NAME
gnutls_priority_init - Sets priorities for the cipher suites supported
by gnutls.
SYNOPSIS
#include <gnutls/gnutls.h>
int gnutls_priority_init(gnutls_priority_t * priority_cache, const char
* priorities, const char ** err_pos);
ARGUMENTS
gnutls_priority_t * priority_cache
is a gnutls_prioritity_t structure.
const char * priorities
is a string describing priorities
const char ** err_pos
In case of an error this will have the position in the
string the error occured
DESCRIPTION
Sets priorities for the ciphers, key exchange methods, macs and
compression methods. This is to avoid using the gnutls_*_priority()
functions.
The priorities option allows you to specify a semi-colon separated list
of the cipher priorities to enable.
Unless the first keyword is "NONE" the defaults (in preference order)
are for TLS protocols TLS1.1, TLS1.0, SSL3.0; for compression NULL; for
certificate types X.509, OpenPGP.
For key exchange algorithms when in NORMAL or SECURE levels the perfect
forward secrecy algorithms take precendence of the other protocols. In
all cases all the supported key exchange algorithms are enabled (except
for the RSA-EXPORT which is only enabled in EXPORT level).
Note that although one can select very long key sizes (such as 256
bits) for symmetric algorithms, to actually increase security the
public key algorithms have to use longer key sizes as well.
For all the current available algorithms and protocols use "gnutls-cli
-l" to get a listing.
COMMON KEYWORDS
Some keywords are defined to provide quick access to common
preferences.
"PERFORMANCE" means all the "secure" ciphersuites are enabled, limited
to 128 bit ciphers and sorted by terms of speed performance.

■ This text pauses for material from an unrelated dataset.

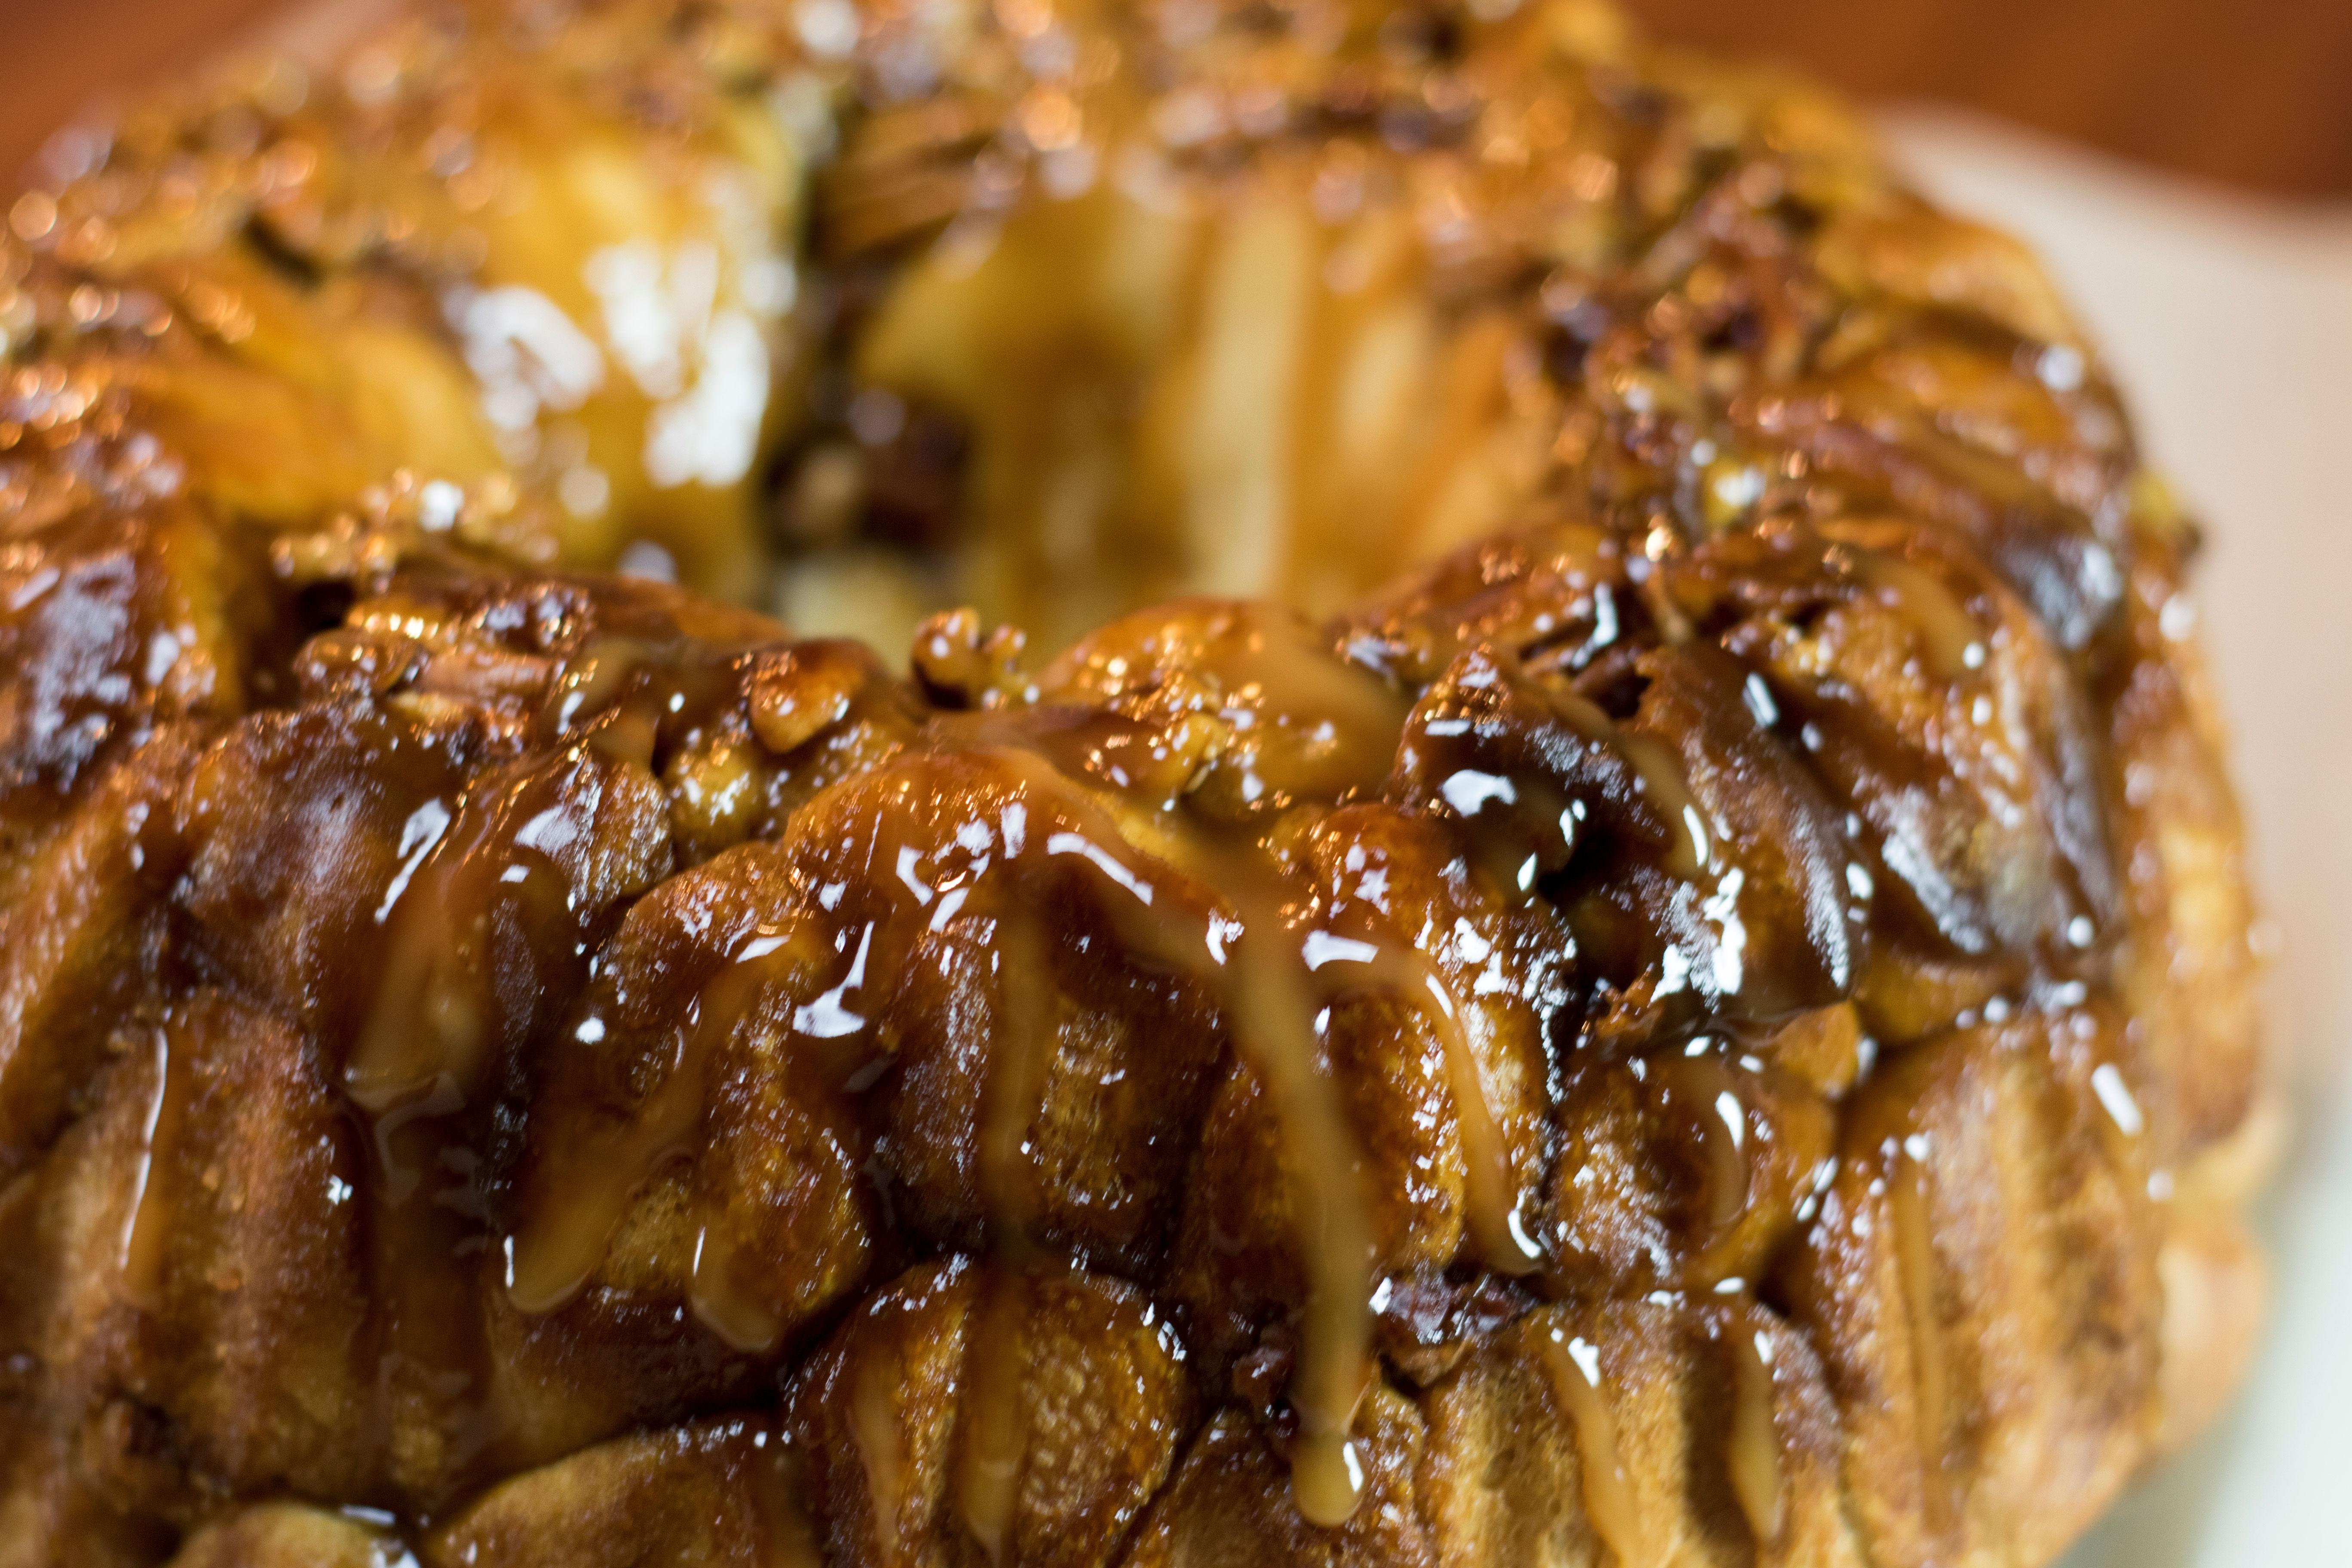 Honey Butter Carmel Pull-apart Monkey Bread Recipe
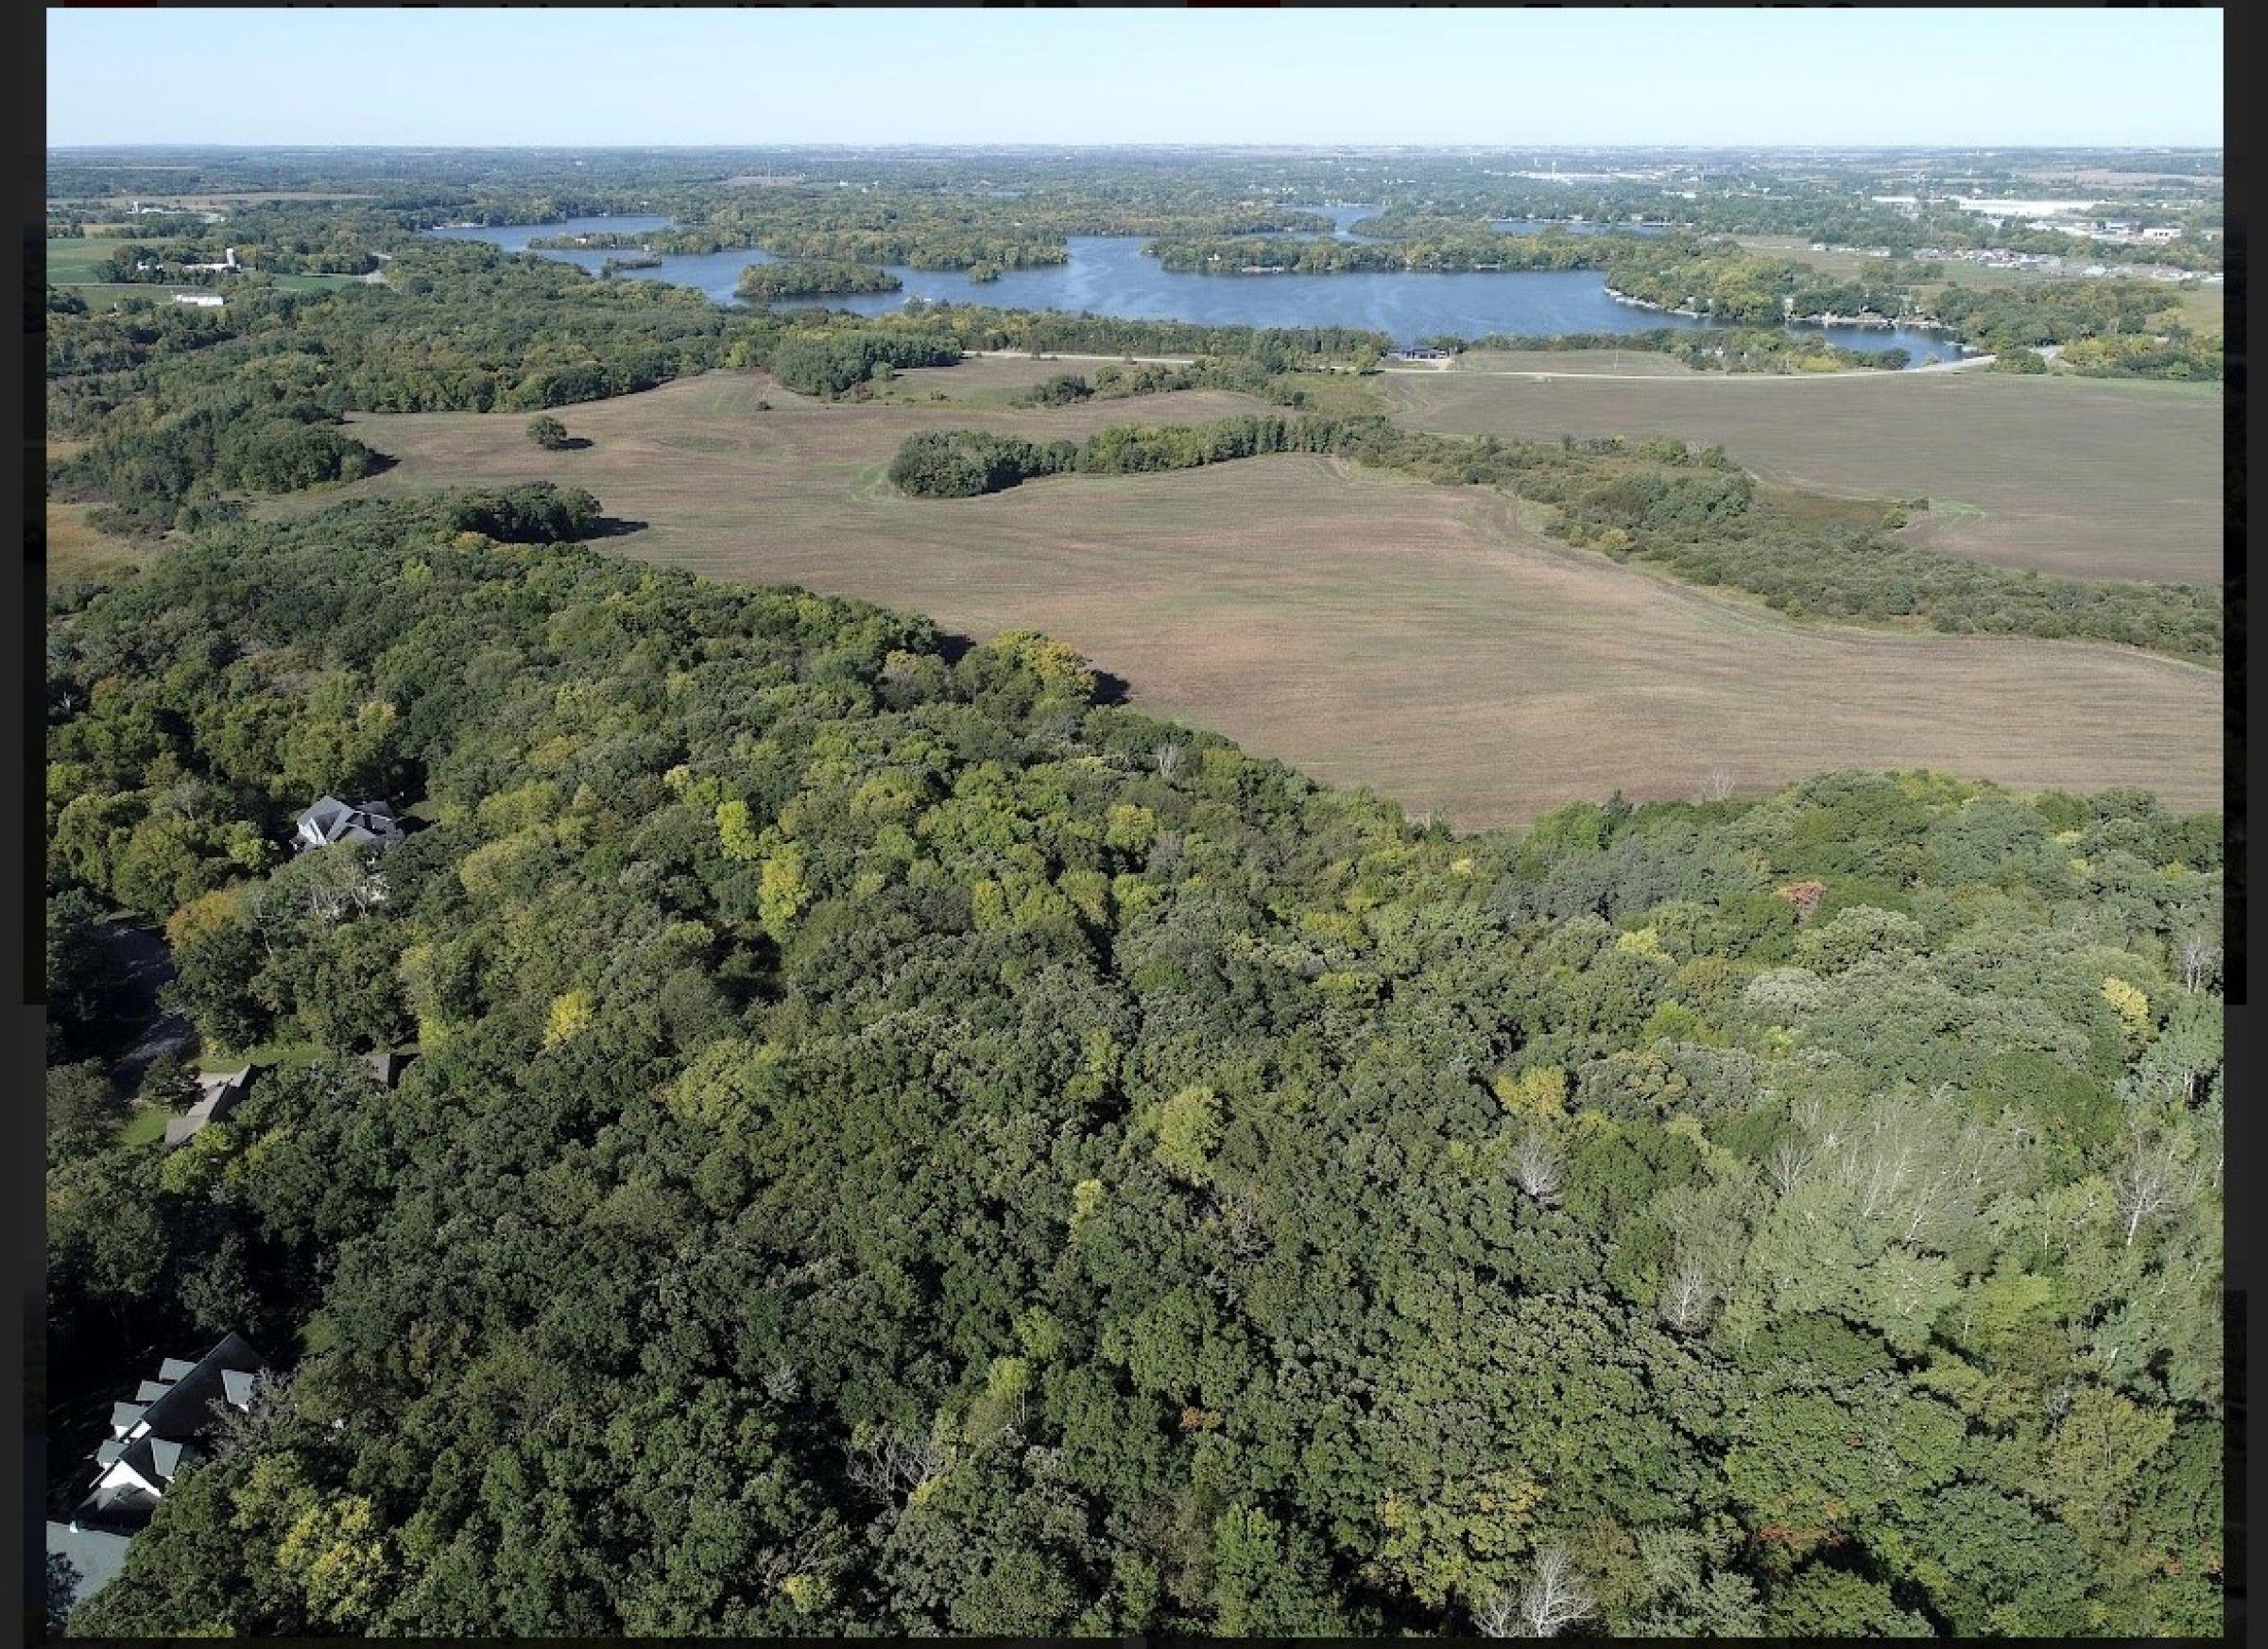 land-stearns-county-minnesota-298-acres-listing-number-15712-0-2021-09-23-123544.jpg

"NORMAL" means all "secure" ciphersuites. The 256-bit ciphers are
included as a fallback only. The ciphers are sorted by security
margin.
"SECURE128" means all "secure" ciphersuites with ciphers up to 128
bits, sorted by security margin.
"SECURE256" means all "secure" ciphersuites including the 256 bit
ciphers, sorted by security margin.
"EXPORT" means all ciphersuites are enabled, including the low-security
40 bit ciphers.
"NONE" means nothing is enabled. This disables even protocols and
compression methods.
SPECIAL KEYWORDS
"!" or "-" appended with an algorithm will remove this algorithm.
"+" appended with an algorithm will add this algorithm.
"%COMPAT" will enable compatibility features for a server.
"%SSL3_RECORD_VERSION" will use SSL3.0 record version in client hello.
"%VERIFY_ALLOW_SIGN_RSA_MD5" will allow RSA-MD5 signatures in
certificate chains.
"%VERIFY_ALLOW_X509_V1_CA_CRT" will allow V1 CAs in chains.
NAMESPACE CONCERN
To avoid collisions in order to specify a compression algorithm in this
string you have to prefix it with "COMP-", protocol versions with
"VERS-" and certificate types with "CTYPE-". All other algorithms don’t
need a prefix.
EXAMPLES
"NORMAL:!AES-128-CBC" means normal ciphers except for AES-128.
"EXPORT:!VERS-TLS1.0:+COMP-DEFLATE" means that export ciphers are
enabled, TLS 1.0 is disabled, and libz compression enabled.
"NONE:+VERS-TLS1.0:+AES-128-CBC:+RSA:+SHA1:+COMP-NULL", "NORMAL",
"%COMPAT".
RETURNS
On syntax error GNUTLS_E_INVALID_REQUEST is returned, GNUTLS_E_SUCCESS
on success, or an error code.
REPORTING BUGS
Report bugs to <bug-gnutls@gnu.org>. GnuTLS home page:
http://www.gnu.org/software/gnutls/ General help using GNU software:
http://www.gnu.org/gethelp/
COPYRIGHT
Copyright © 2008 Free Software Foundation.
Copying and distribution of this file, with or without modification,
are permitted in any medium without royalty provided the copyright
notice and this notice are preserved.
SEE ALSO
The full documentation for gnutls is maintained as a Texinfo manual.
If the info and gnutls programs are properly installed at your site,
the command
info gnutls
should give you access to the complete manual.